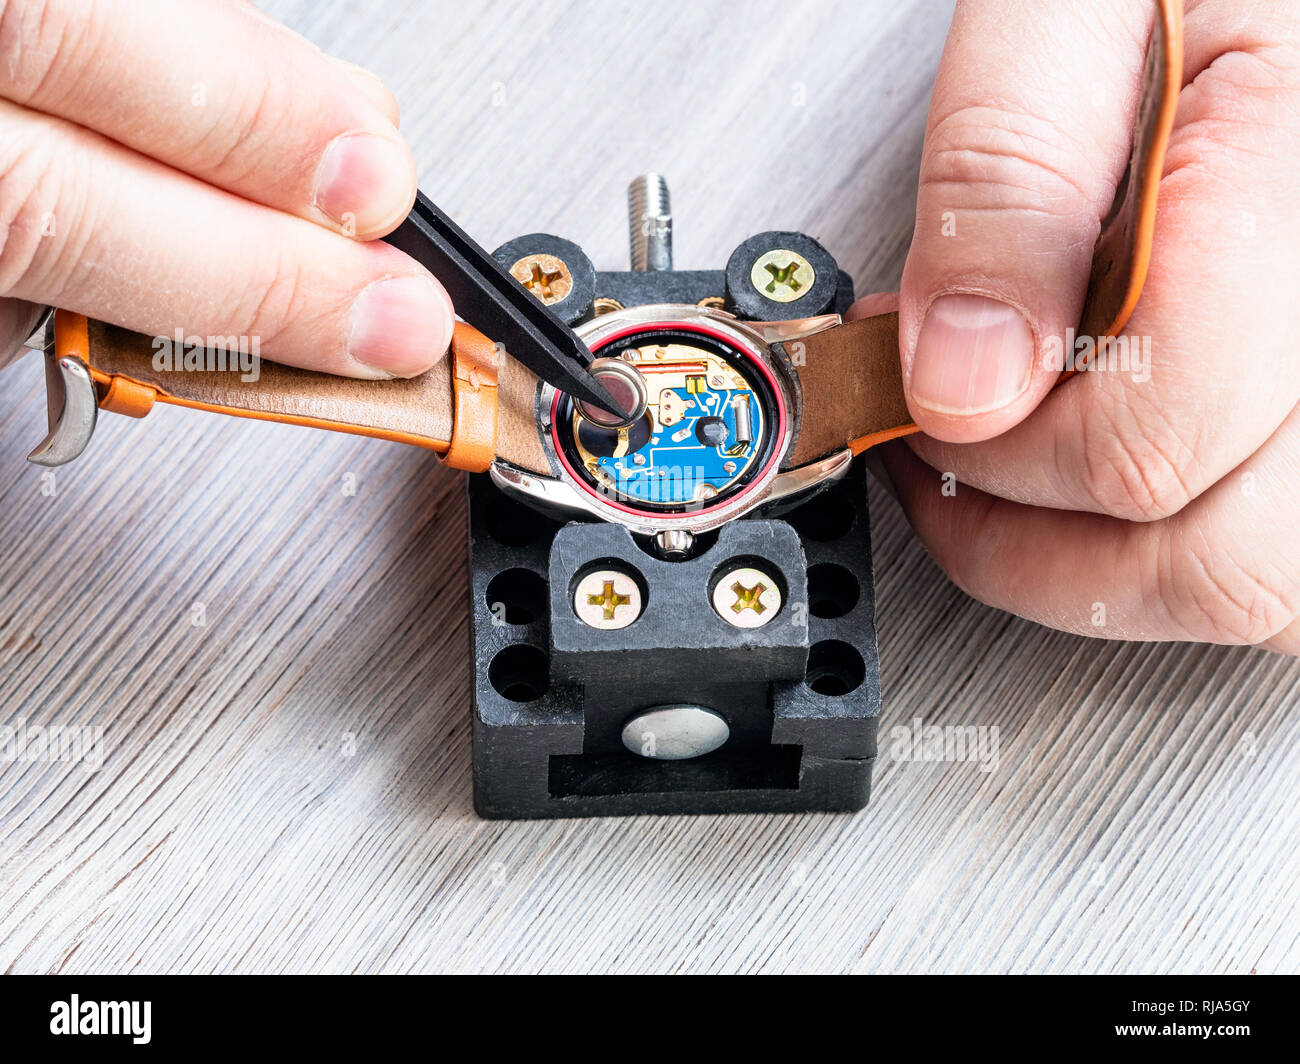 Atelier de réparateur watch - vue avant d'horloger du remplacement de la batterie dans la montre-bracelet à quartz avec des pinces en plastique sur la table en bois close up Banque D'Images
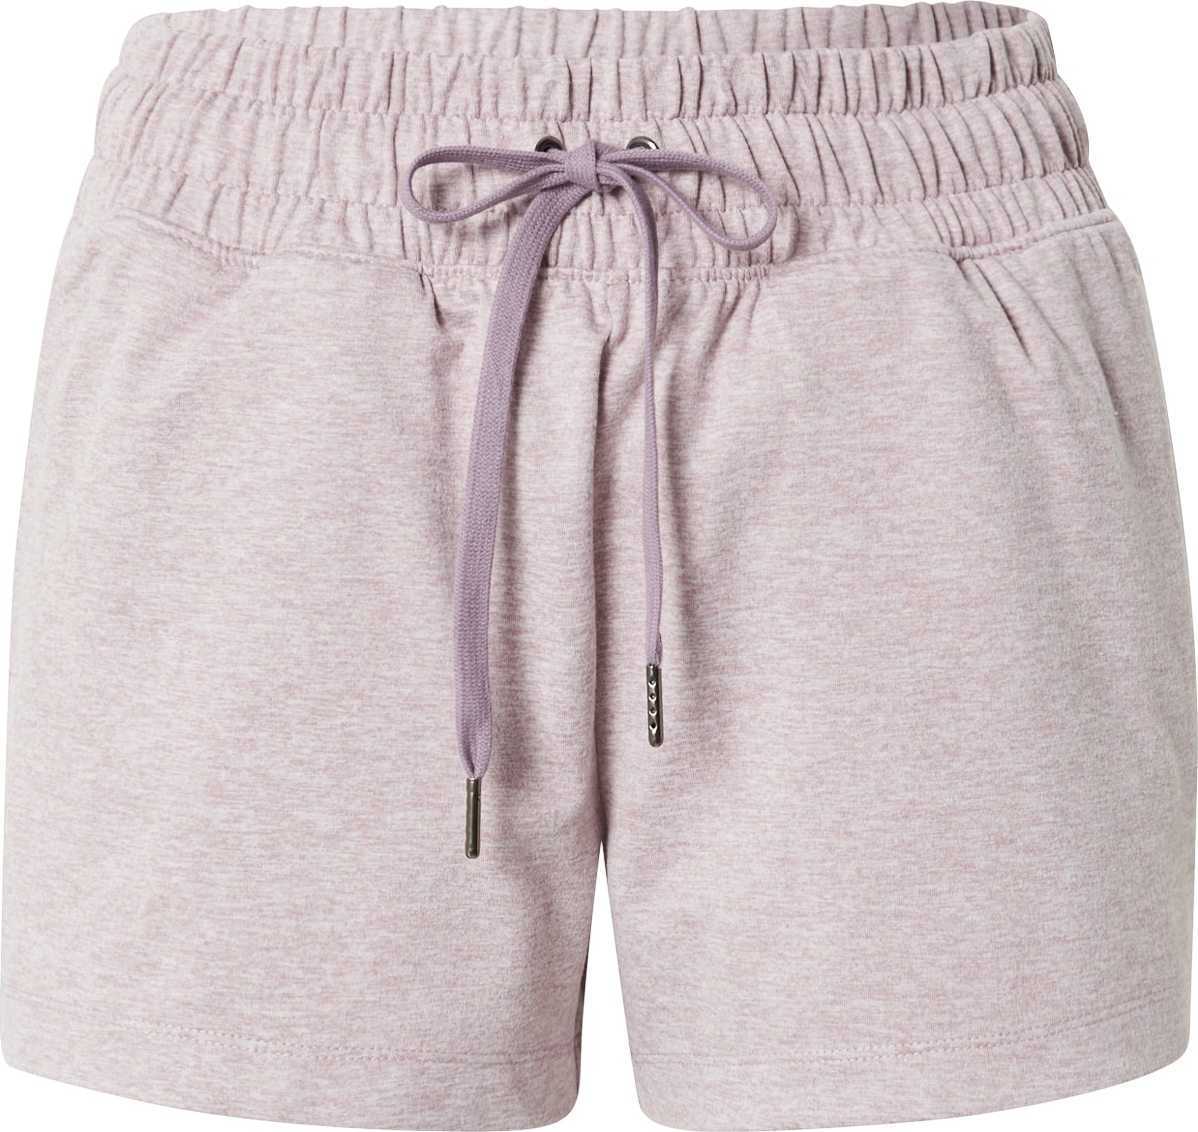 Marika Sportovní kalhoty fialový melír
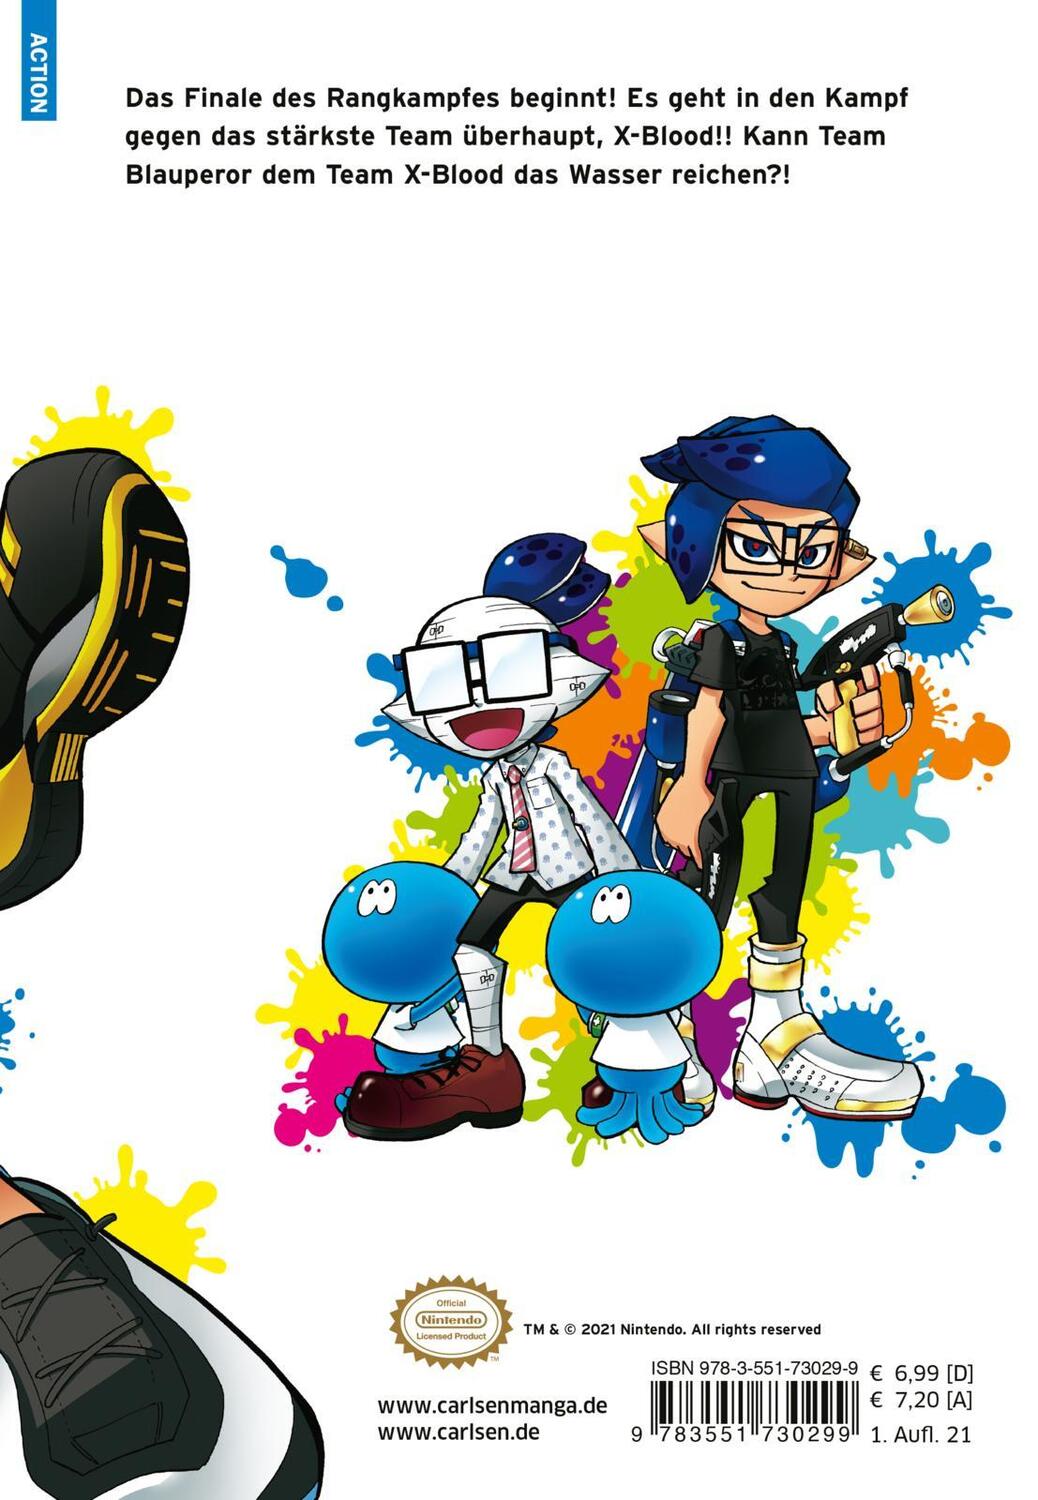 Rückseite: 9783551793874 | Splatoon 11 | Das Nintendo-Game als Manga! Ideal für Kinder und Gamer!
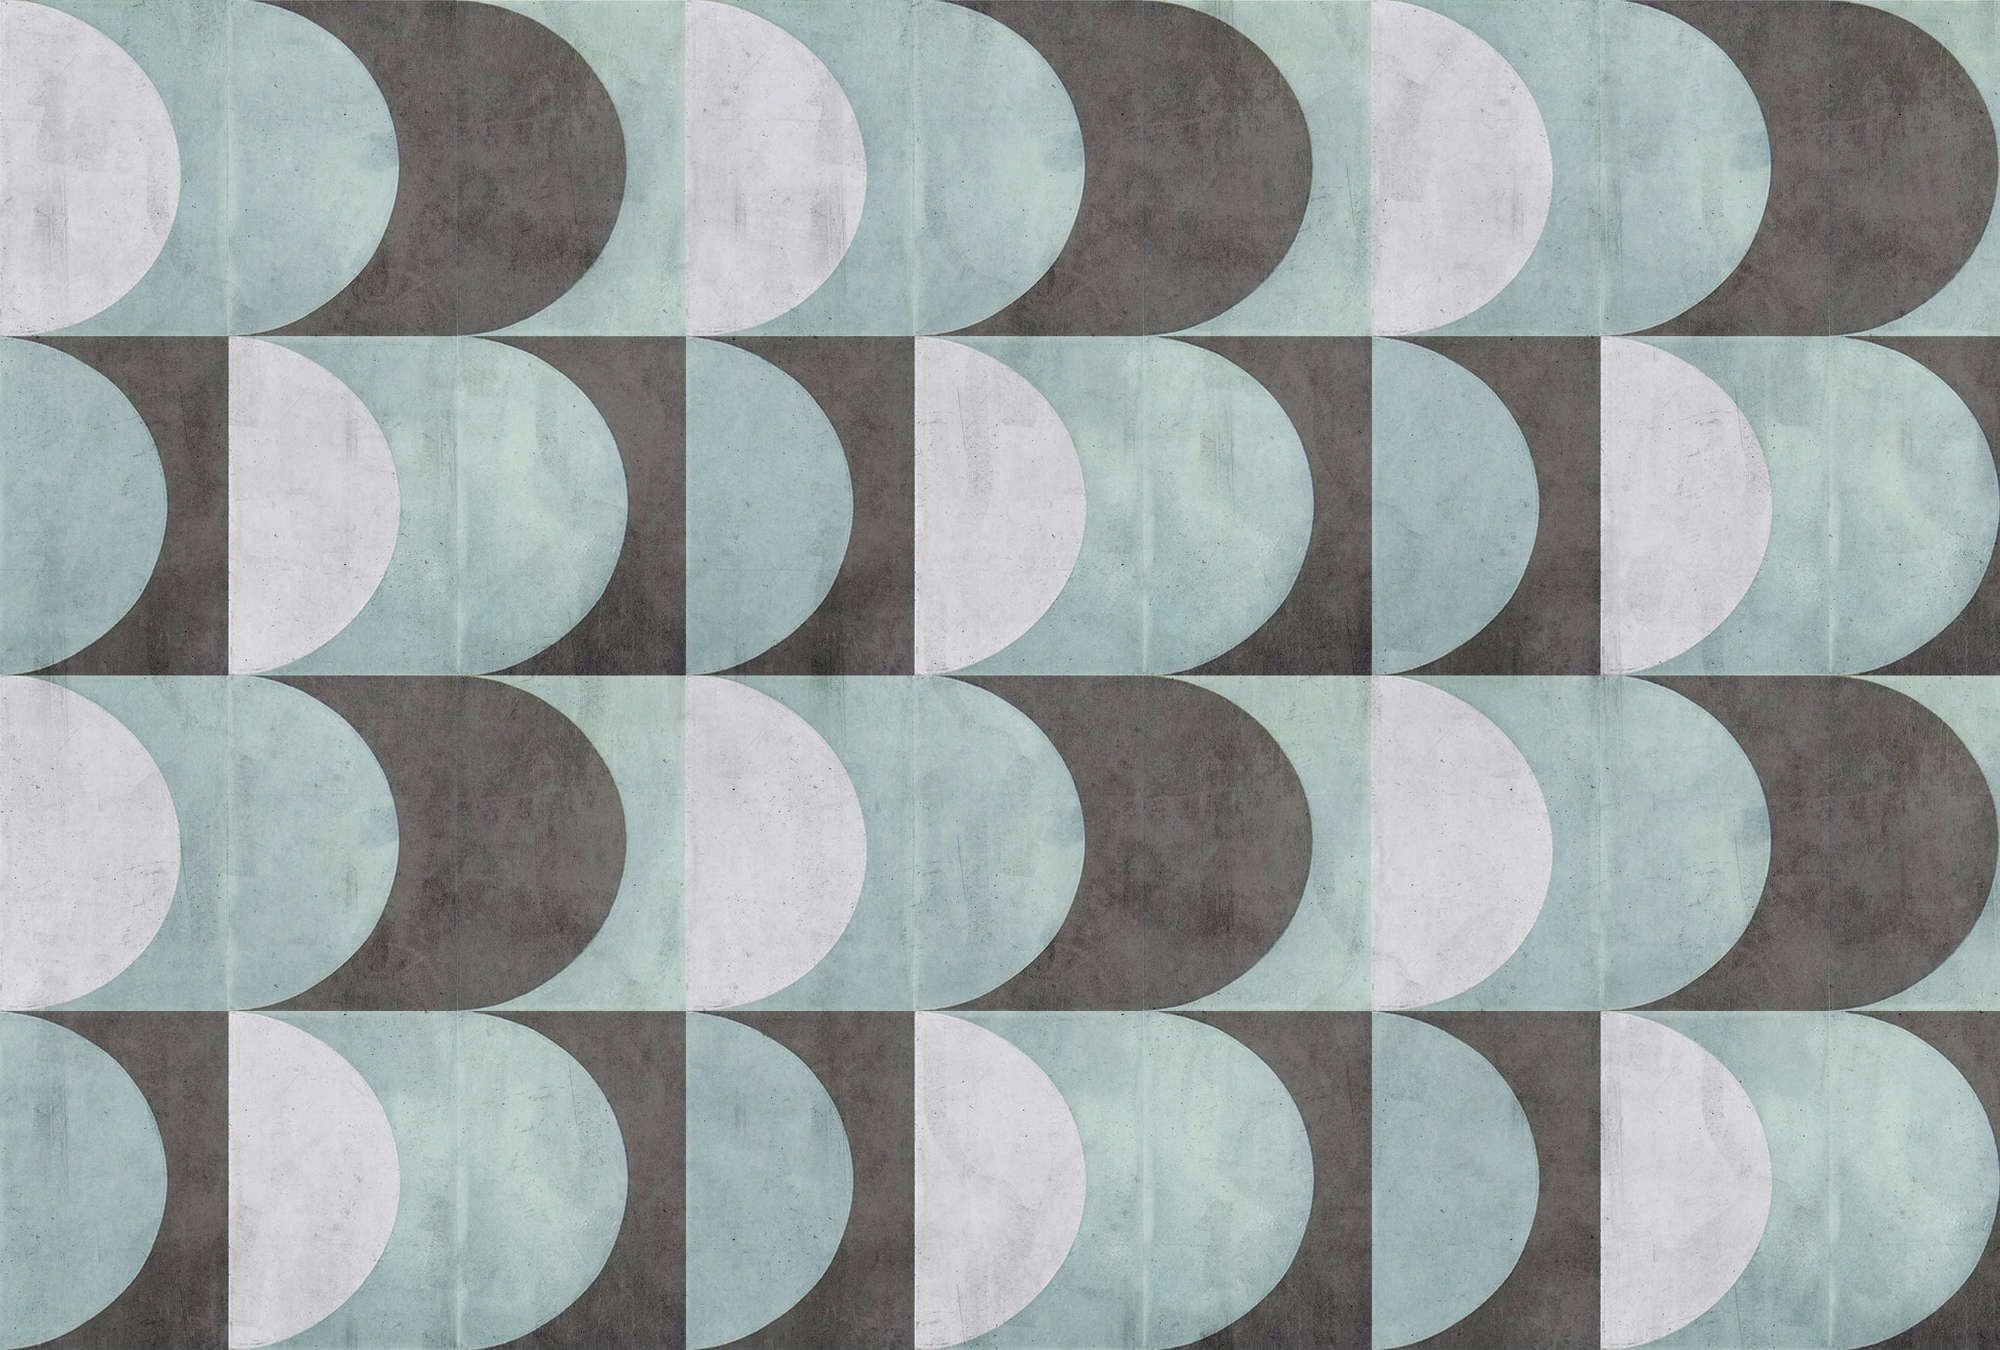             Digital behang »julek 2« - retro patroon in betonlook - mintgroen, grijs | mat, glad vlies

####################

Print the listing exactly, minus its pictures.

 Atelier de réparateur watch - vue avant d'horloger du remplacement de la batterie dans la montre-bracelet à quartz avec des pinces en plastique sur la table en bois close up Banque D'Images
 Marika Sportovní kalhoty fialový melír
 Rückseite: 9783551793874 | Splatoon 11 | Das Nintendo-Game als Manga! Ideal für Kinder und Gamer!
             Digital behang »julek 2« - retro patroon in betonlook - mintgroen, grijs | mat, glad vlies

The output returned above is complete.